Fri Jun 24 12:39:37 PDT 2005

So here's a case I ran into today, testing my sample openID server 
against livejournal's consumer (on one of the goathack systems):

1. I gave my identity URL to the consumer.
2. I had a bug in my server code, causing the transaction to fail.
3. I found and fixed the bug, and restarted the server.
4. The server was using only transient storage of secrets.
5. The server was setting the expiration for its secrets one month into 
the future.
6. The consumer still had a handle cached, that wasn't useable.
7. The server had no way to tell the consumer that the handle wasn't 
useable.

I quickly realized what was going on, and lowered the server's secret 
expiration to two minutes, and moved the other goathack system.

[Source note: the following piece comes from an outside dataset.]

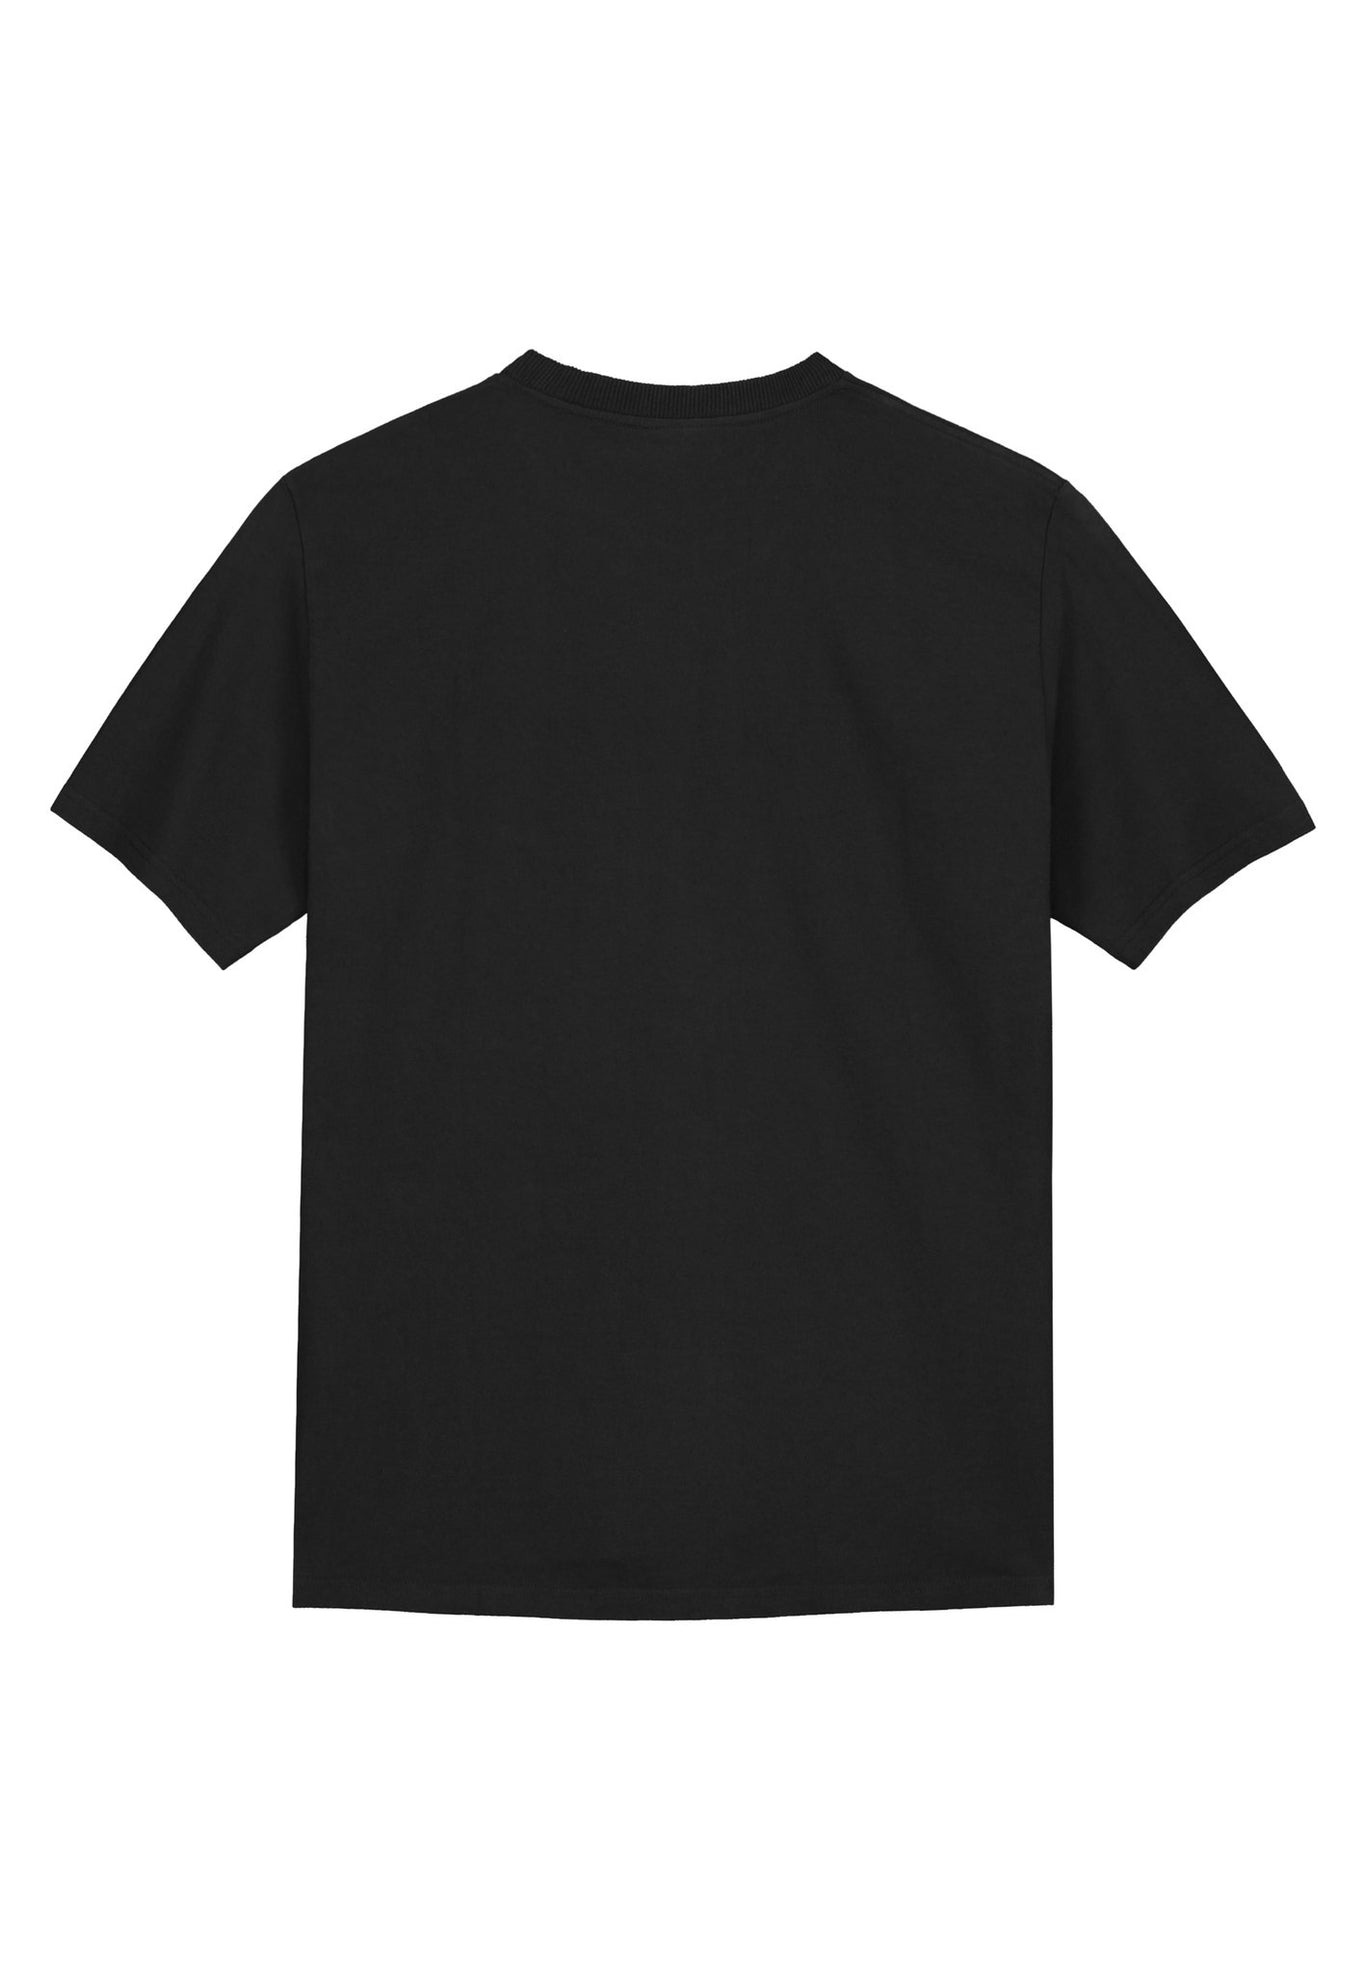 Full Circle Black T-Shirt

The problem was that it was too late on the first system.  It already 
had an association with my server, so it wasn't going to try to get a 
new one.  There was no way for my server to signal the consumer that the 
problem was an unrecognized assoc_handle, and that fetching a new 
association would solve the problem.

While the case I was working on was a bit silly (transient storage, but 
setting the expiration a month in the future?), I can see much more 
reasonable cases where the same problem will arise.  For instance, a 
server setting the expiration a month in the future using a MySQL DB to 
store secrets, and getting that table corrupted by a particularly vicous 
crash involving say...  Your colo facility losing power unexpectedly, 
and having your hardware doing write caching even though it said it 
wasn't?  (Just to pick a case a few people might be familiar with)  :)

There needs to be a way to recover from something like that in the spec. 
  Some system needs to exist where the server can tell the consumer that 
it didn't recognize the assoc_handle it received, and to get a new 
association and try again.

How should that be specified?

Carl